Work order —
Return all of the data verbatim, dropping any picture.

Given information —
---
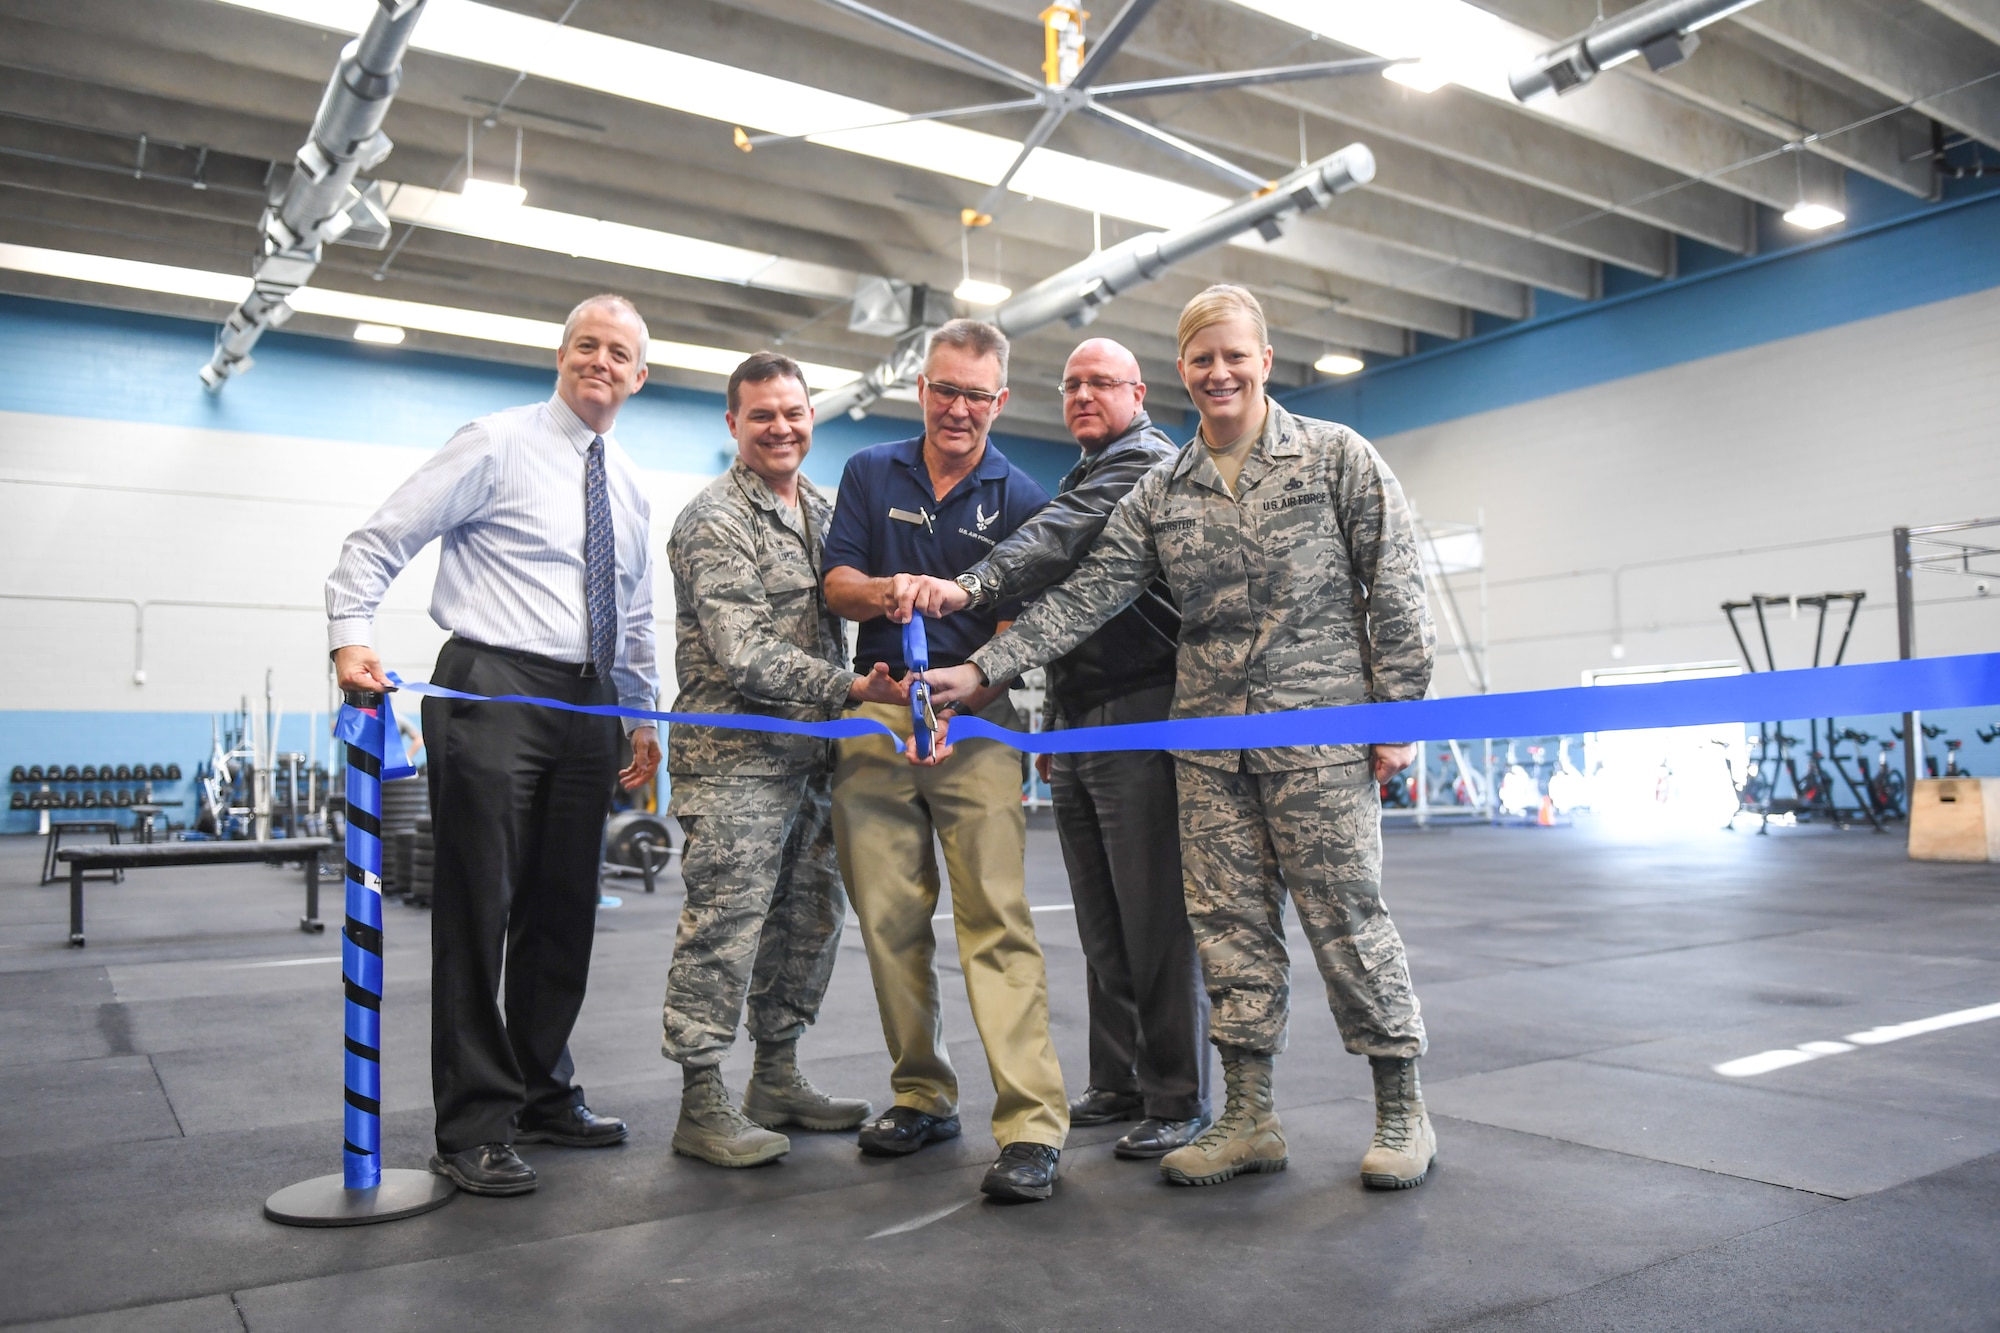 John Cullinane, 75th Force Support Squadron director, Col. Gabriel Lopez, 75th Mission Support Group commander, Jim Tyson, fitness director, Harry Briesmaster, 75th Civil Engineering Group director, and Col. Jennifer Hammerstedt, 75th Air Base Wing commander, cut the ceremonial ribbon March 27, 2018, to commemorate the grand opening of the Hess Fitness Center's functional training area at Hill Air Force Base, Utah. (U.S. Air Force photo by Cynthia Griggs)
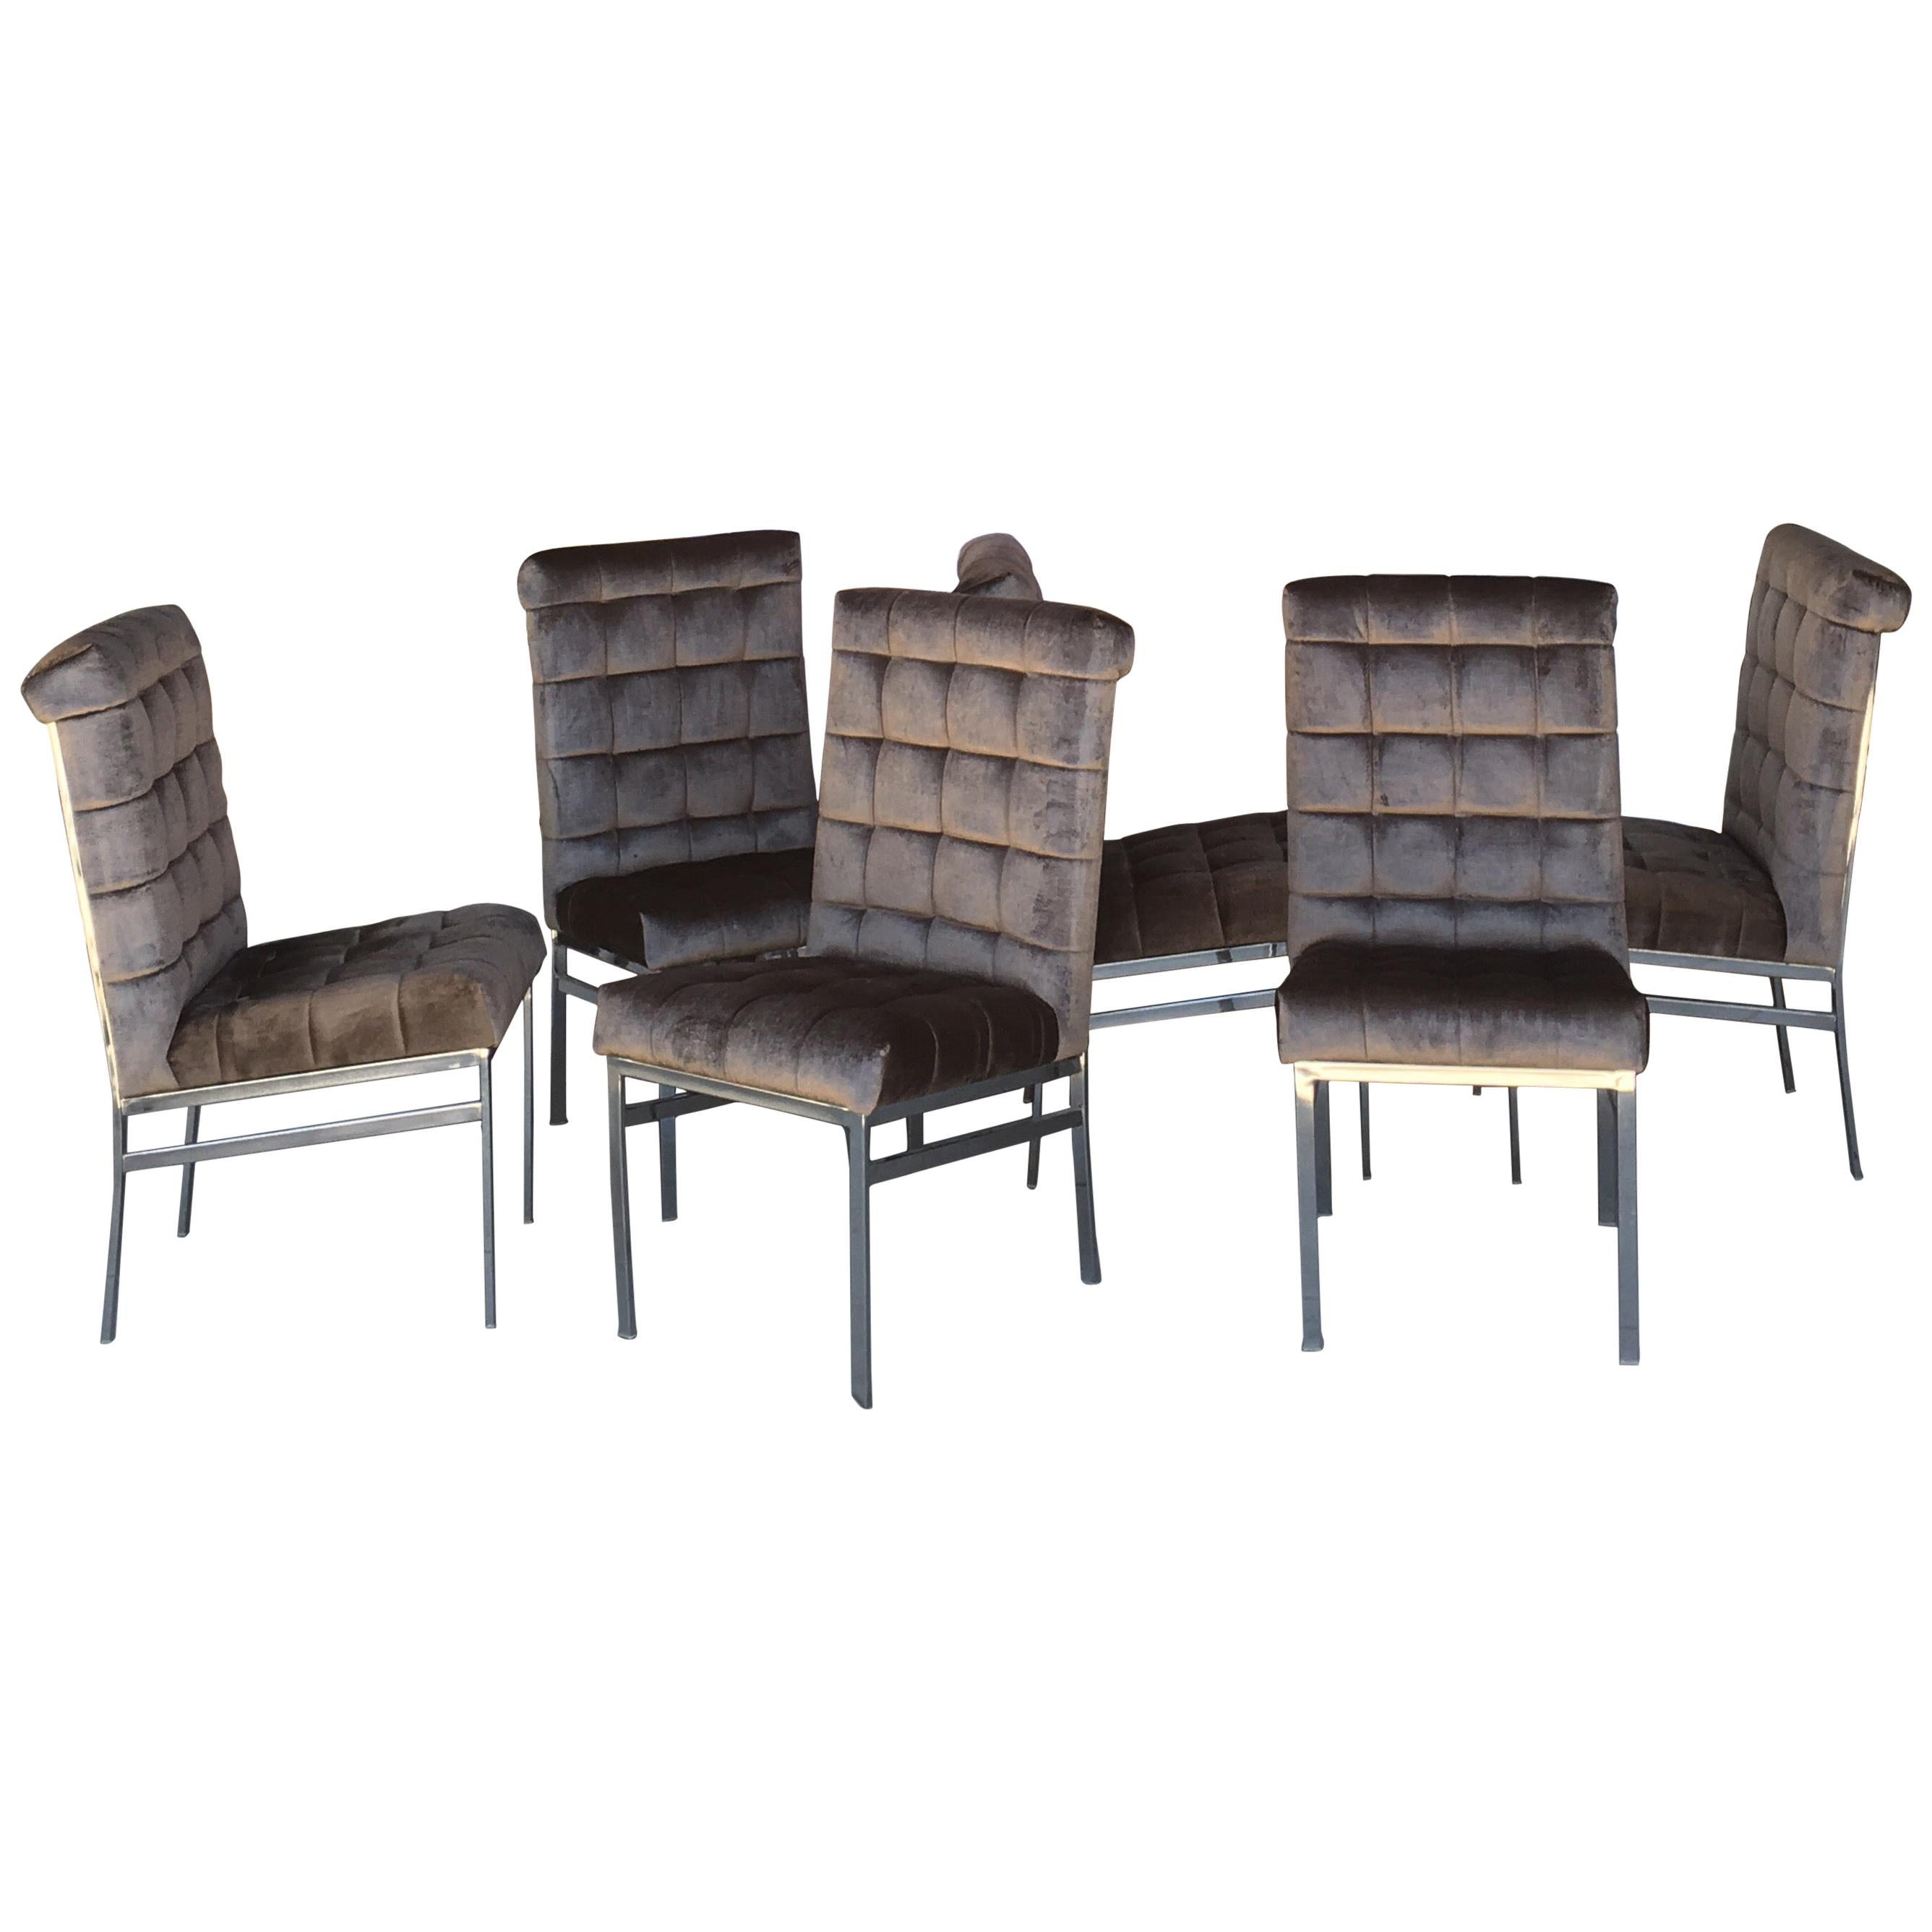 Set of 6 Tufted Pierre Cardin Dining Chairs in New Mink Color Velvet
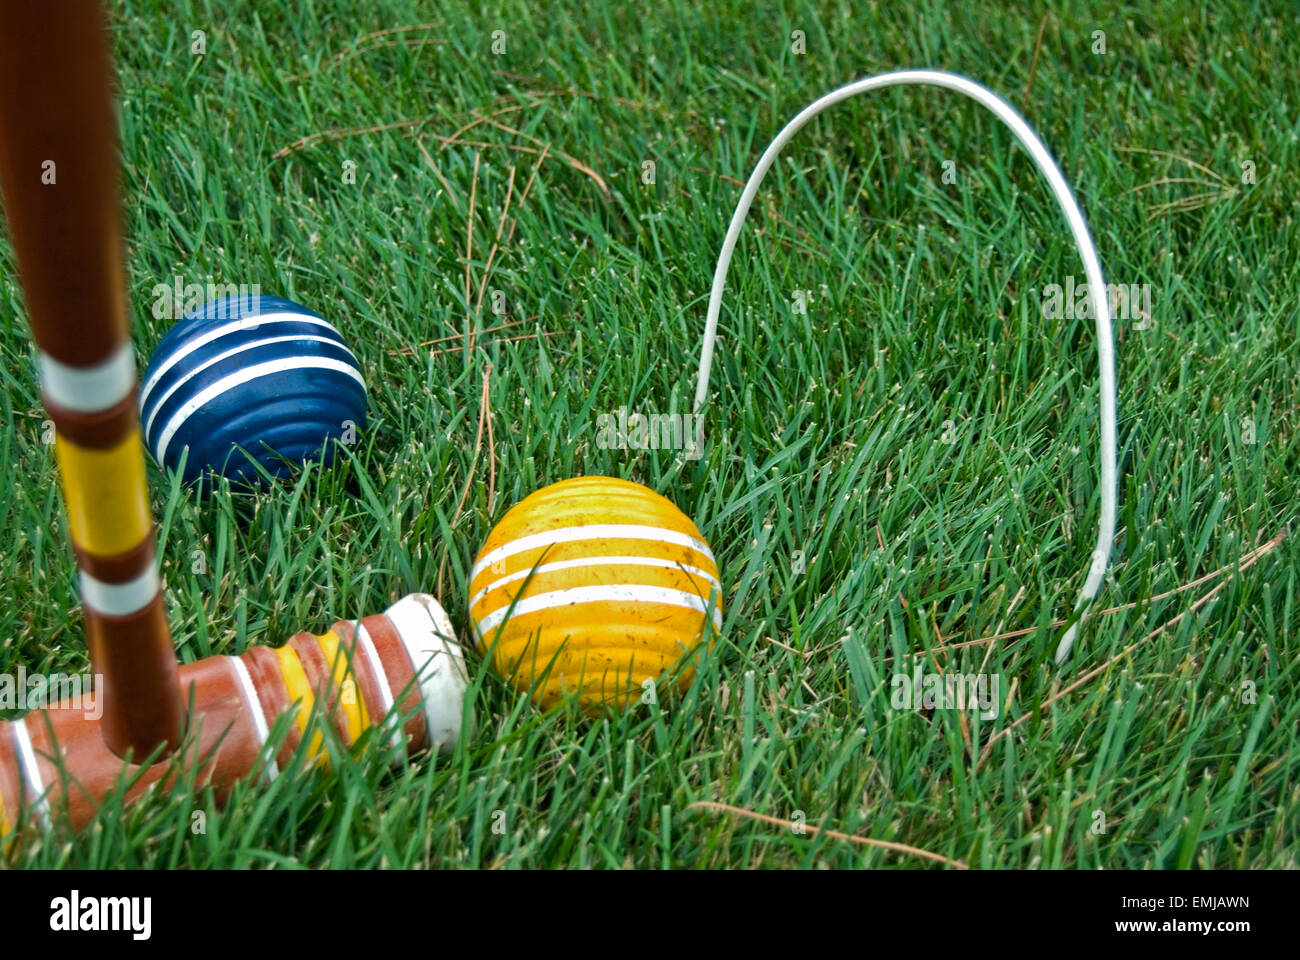 Croquet mallet and wooden croquet ball in grass with wicket. Stock Photo
---
Exercise result —
 John Cullinane, 75th Force Support Squadron director, Col. Gabriel Lopez, 75th Mission Support Group commander, Jim Tyson, fitness director, Harry Briesmaster, 75th Civil Engineering Group director, and Col. Jennifer Hammerstedt, 75th Air Base Wing commander, cut the ceremonial ribbon March 27, 2018, to commemorate the grand opening of the Hess Fitness Center's functional training area at Hill Air Force Base, Utah. (U.S. Air Force photo by Cynthia Griggs)
 Set of 6 Tufted Pierre Cardin Dining Chairs in New Mink Color Velvet
 Croquet mallet and wooden croquet ball in grass with wicket. Stock Photo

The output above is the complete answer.